§ Given information:

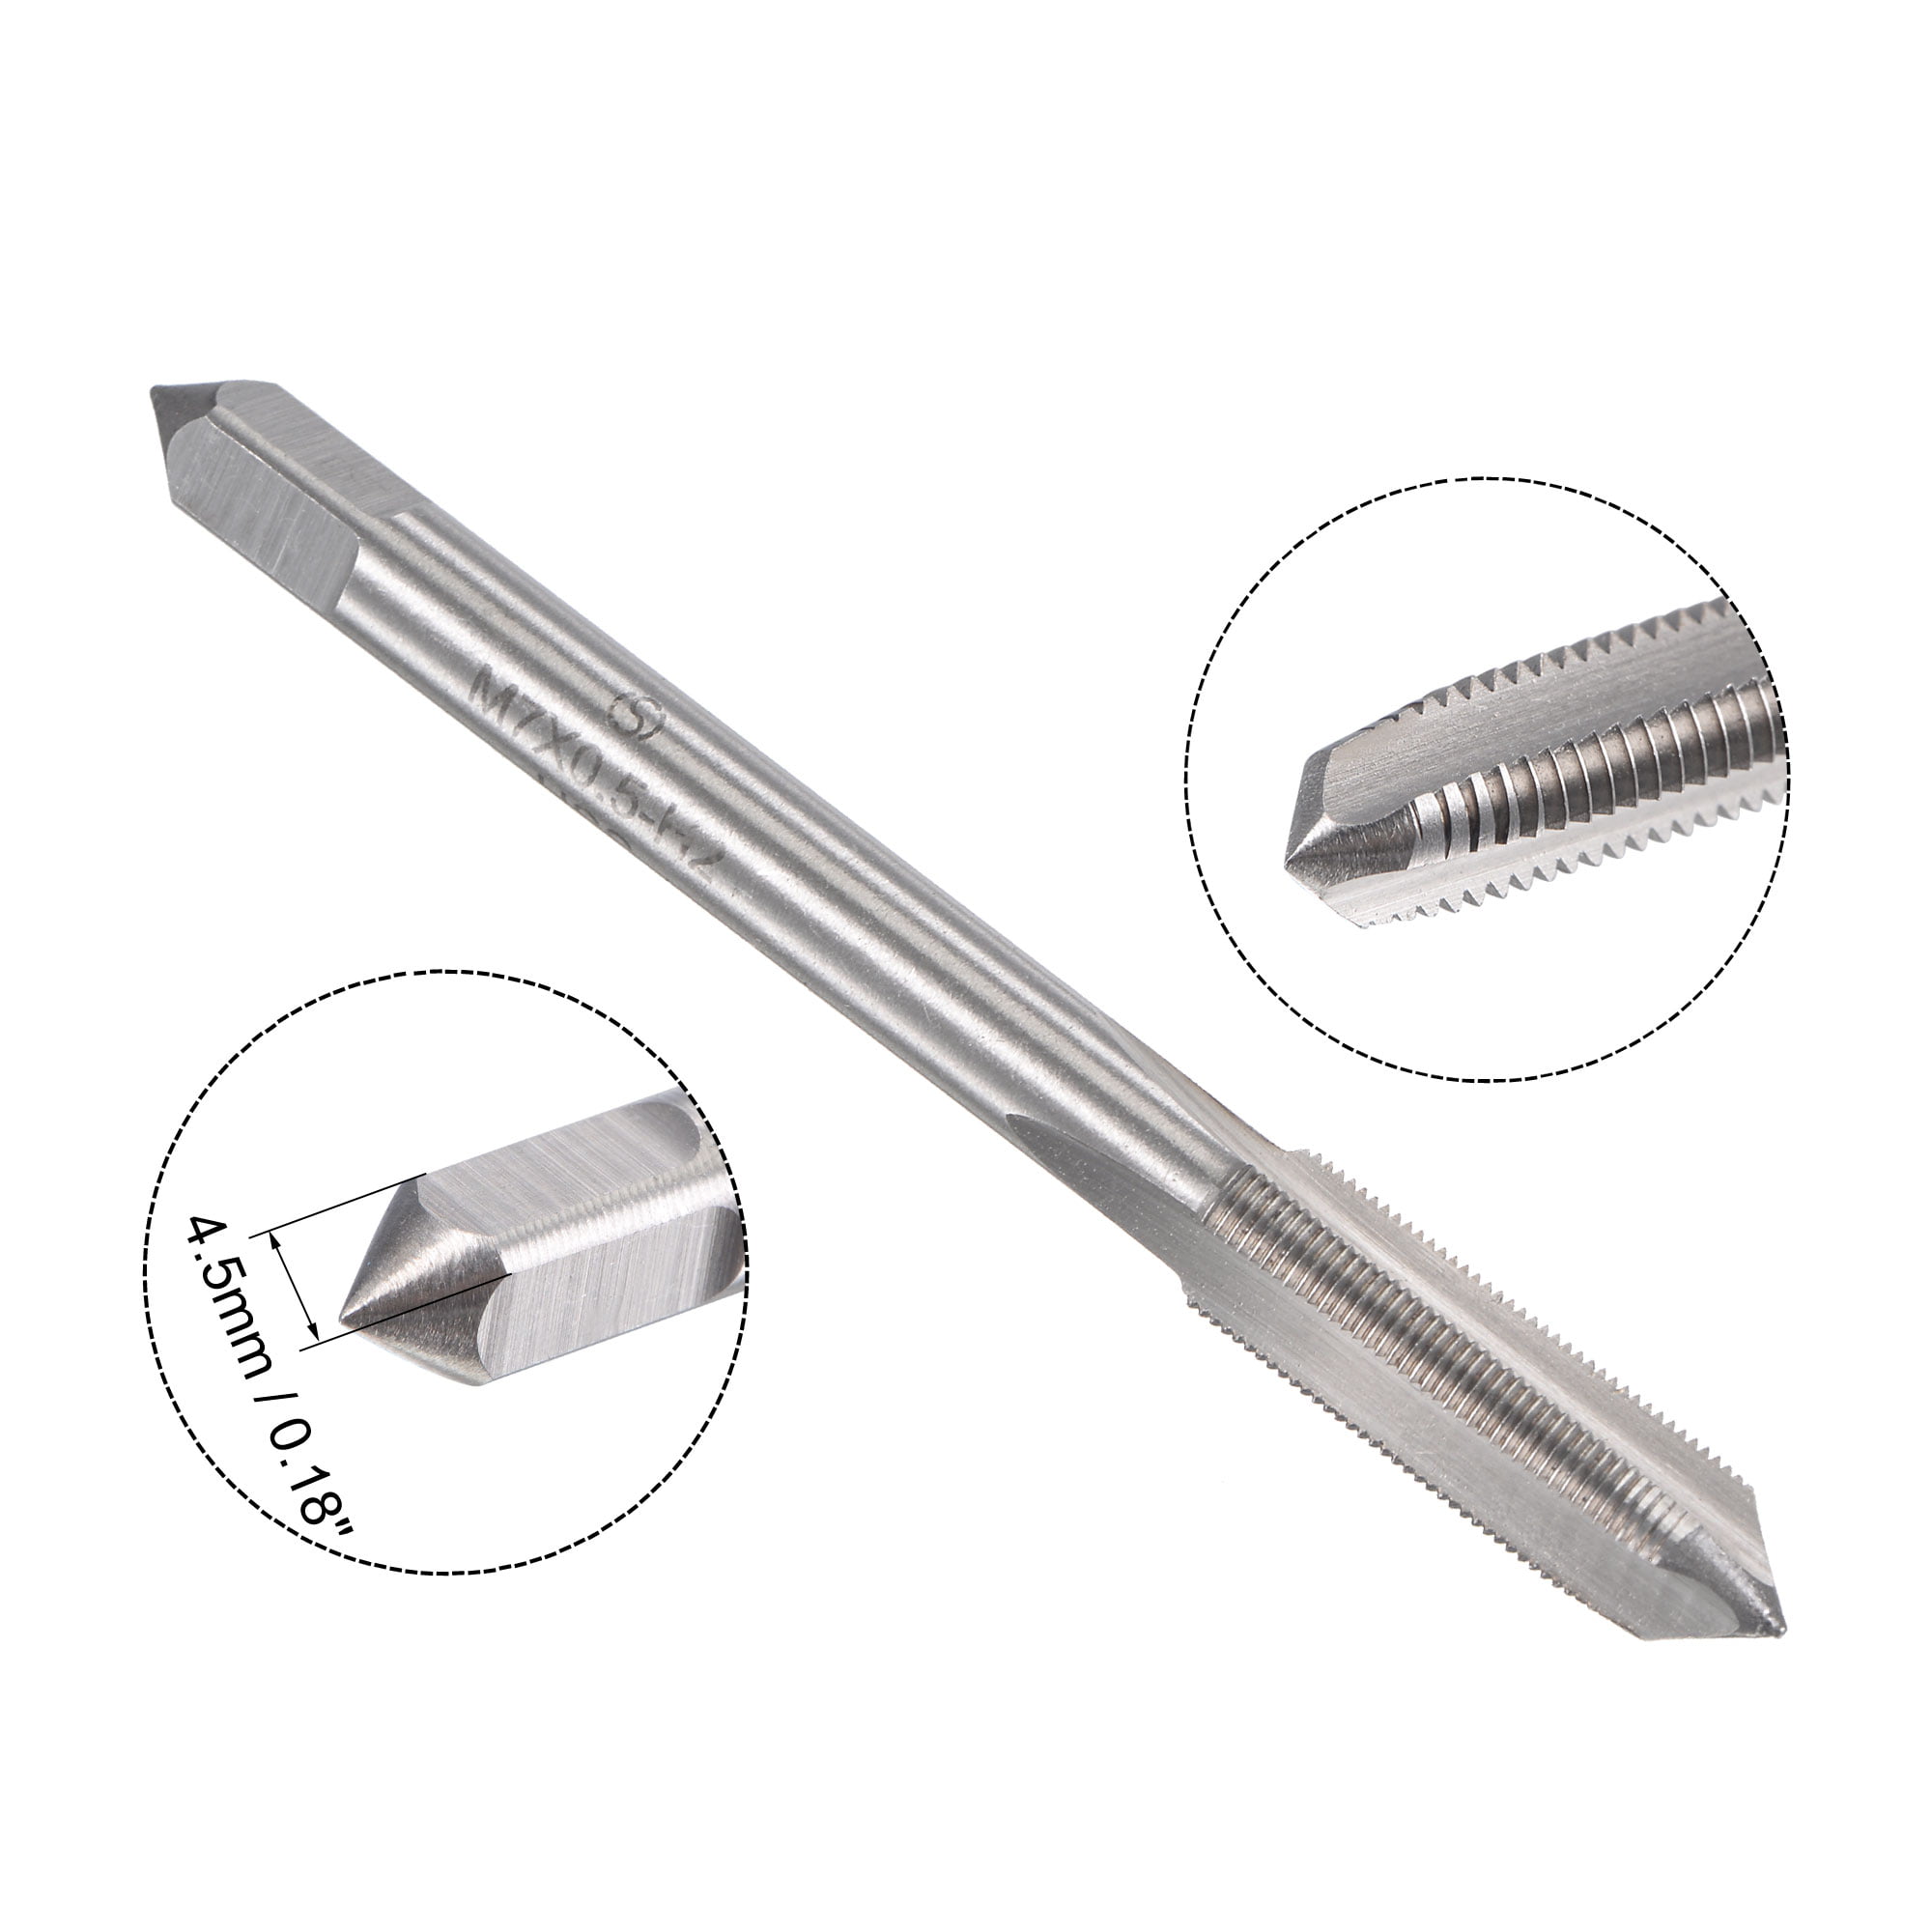 Metric Right Hand Die and Tap,Threading Tools Dies and Taps,M7 x 0.75 mm,1 Set
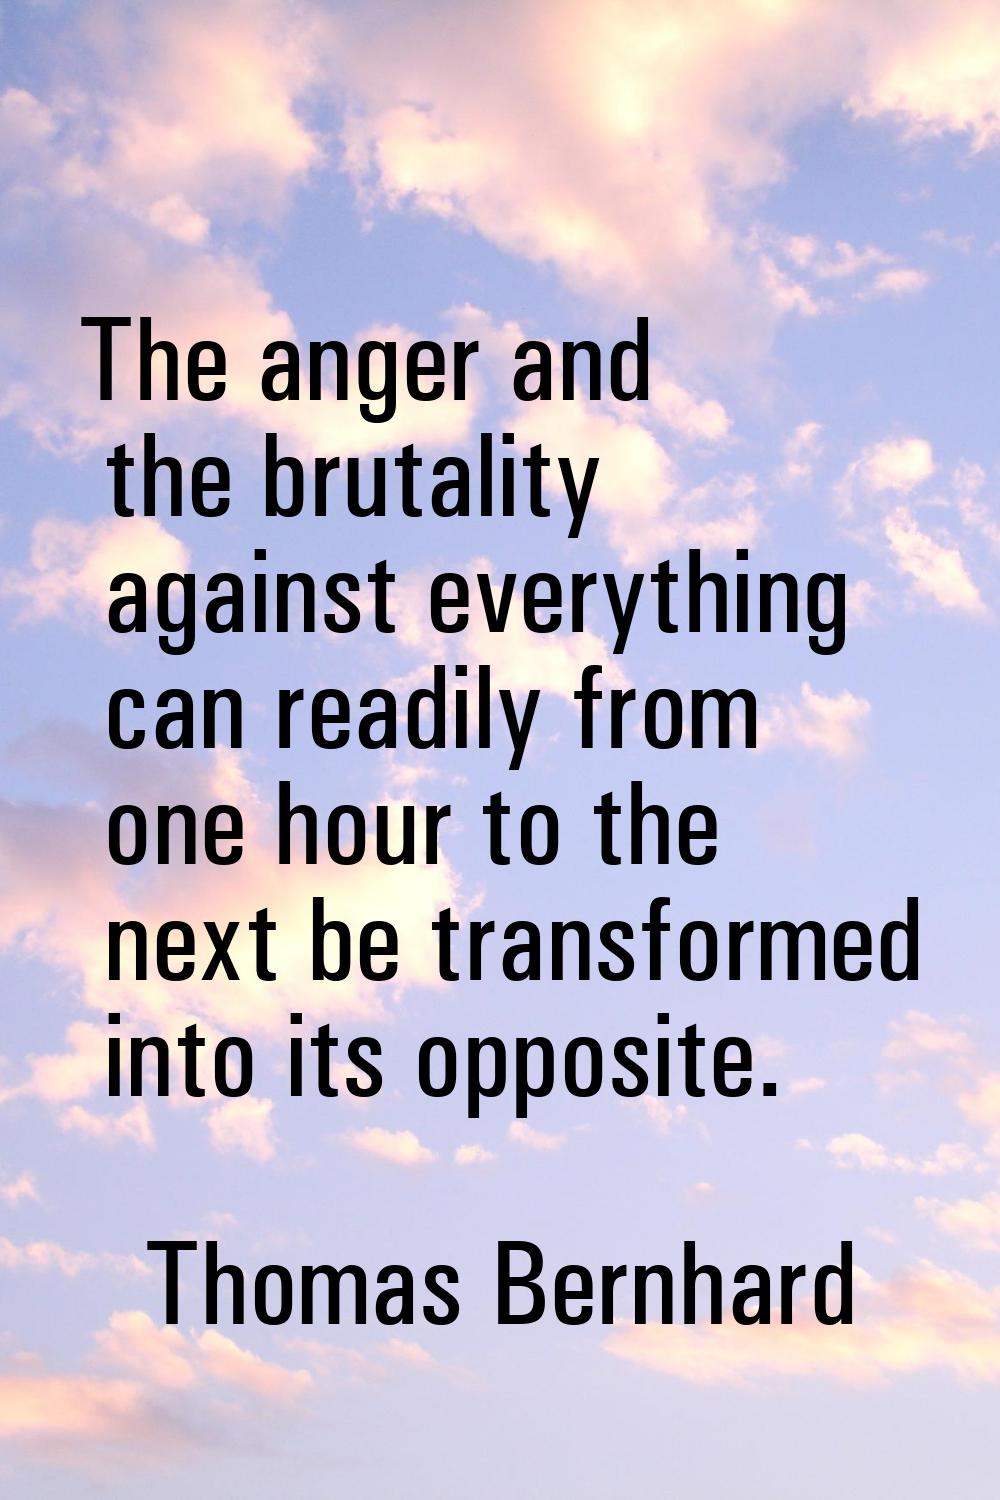 The anger and the brutality against everything can readily from one hour to the next be transformed
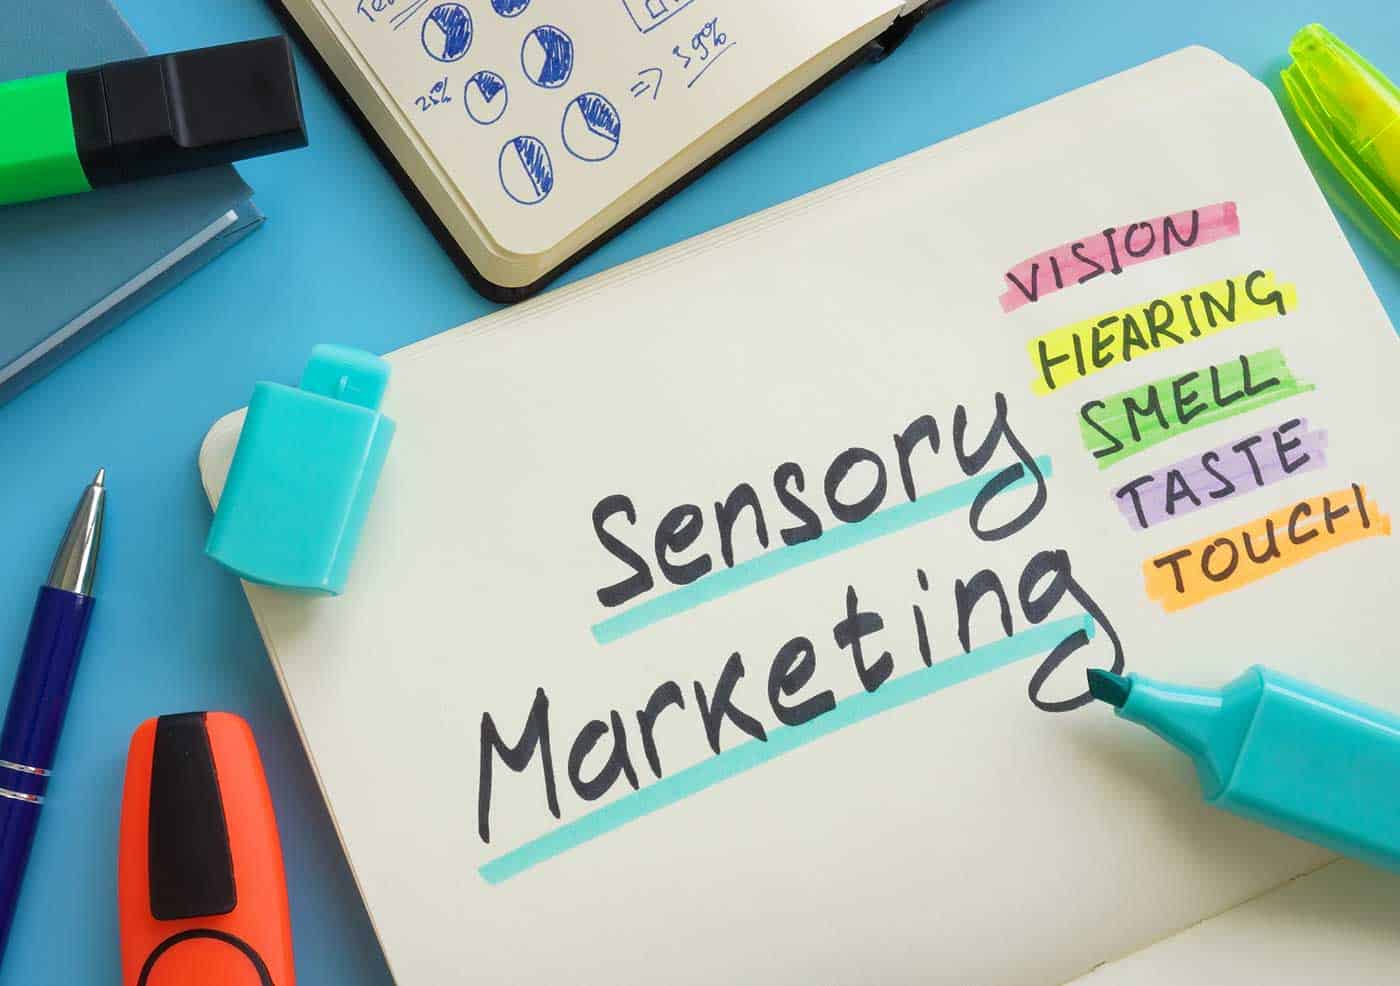 Sensory Marketing vision hearing smell taste touch

§ Activity:
All of the material above is to be retyped verbatim, with its pictures omitted.

§ Result of the task:
 Metric Right Hand Die and Tap,Threading Tools Dies and Taps,M7 x 0.75 mm,1 Set
 The anger and the brutality against everything can readily from one hour to the next be transformed
 Sensory Marketing vision hearing smell taste touch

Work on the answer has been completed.